The Kurds, who share ethnic and cultural similarities with Iranians and are mostly Muslim by religion (largely Sunni but with many minorities), have long struggled for self-determination. After World War I, their lands were divided up between Iraq, Iran, Syria, and Turkey. In Iran, though there have been small separatist movements, Kurds are mostly subjected to the same repressive treatment as everyone else (though they also face Persian and Shi’ite chauvinism, and a number of Kurdish political prisoners were recently executed). The situation is worse in Iraq, Syria, and Turkey, where the Kurds are a minority people subjected to ethnically targeted violations of human rights.  
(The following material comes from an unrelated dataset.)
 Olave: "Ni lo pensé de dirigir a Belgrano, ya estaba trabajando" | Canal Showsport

Iraq: In 1986–89, Saddam Hussein conducted a genocidal campaign in which tens of thousands were murdered and thousands of Kurdish villages destroyed, including by bombing and chemical warfare. After the first Gulf War, the UN sought to establish a safe haven in parts of Kurdistan, and the United States and UK set up a no-fly zone. In 2003, the Kurdish peshmerga sided with the U.S.-led coalition against Saddam Hussein. In 2005, after a long struggle with Baghdad, the Iraqi Kurds won constitutional recognition of their autonomous region, and the Kurdistan Regional Government has since signed oil contracts with a number of Western oil companies as well as with Turkey. Iraqi Kurdistan has two main political parties, the Kurdistan Democratic Party (KDP) and the Patriotic Union of Kurdistan (PUK), both clan-based and patriarchal.
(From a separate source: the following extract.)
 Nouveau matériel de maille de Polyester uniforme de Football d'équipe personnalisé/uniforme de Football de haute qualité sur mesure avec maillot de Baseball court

Turkey: For much of its modern history, Turkey has pursued a policy of forced assimilation towards its minority peoples; this policy is particularly stringent in the case of the Kurds—until recently referred to as the “mountain Turks”—who make up 20 percent of the total population. The policy has included forced population transfers; a ban on use of the Kurdish language, costume, music, festivals, and names; and extreme repression of any attempt at resistance. Large revolts were suppressed in 1925, 1930, and 1938, and the repression escalated with the formation of the PKK as a national liberation party, resulting in civil war in the Kurdish region from 1984 to 1999.

Syria: Kurds make up perhaps 15 percent of the population and live mostly in the northeastern part of Syria. In 1962, after Syria was declared an Arab republic, a large number of Kurds were stripped of their citizenship and declared aliens, which made it impossible for them to get an education, jobs, or any public benefits. Their land was given to Arabs. The PYD was founded in 2003 and immediately banned; its members were jailed and murdered, and a Kurdish uprising in Qamishli was met with severe military violence by the regime. When the uprising against Bashar al Assad began as part of the Arab Spring, Kurds participated, but after 2012, when they captured Kobani from the Syrian army, they withdrew most of their energy from the war against Assad in order to set up a liberated area. For this reason, some other parts of the Syrian resistance consider them Assad’s allies. The Kurds in turn cite examples of discrimination against them within the opposition.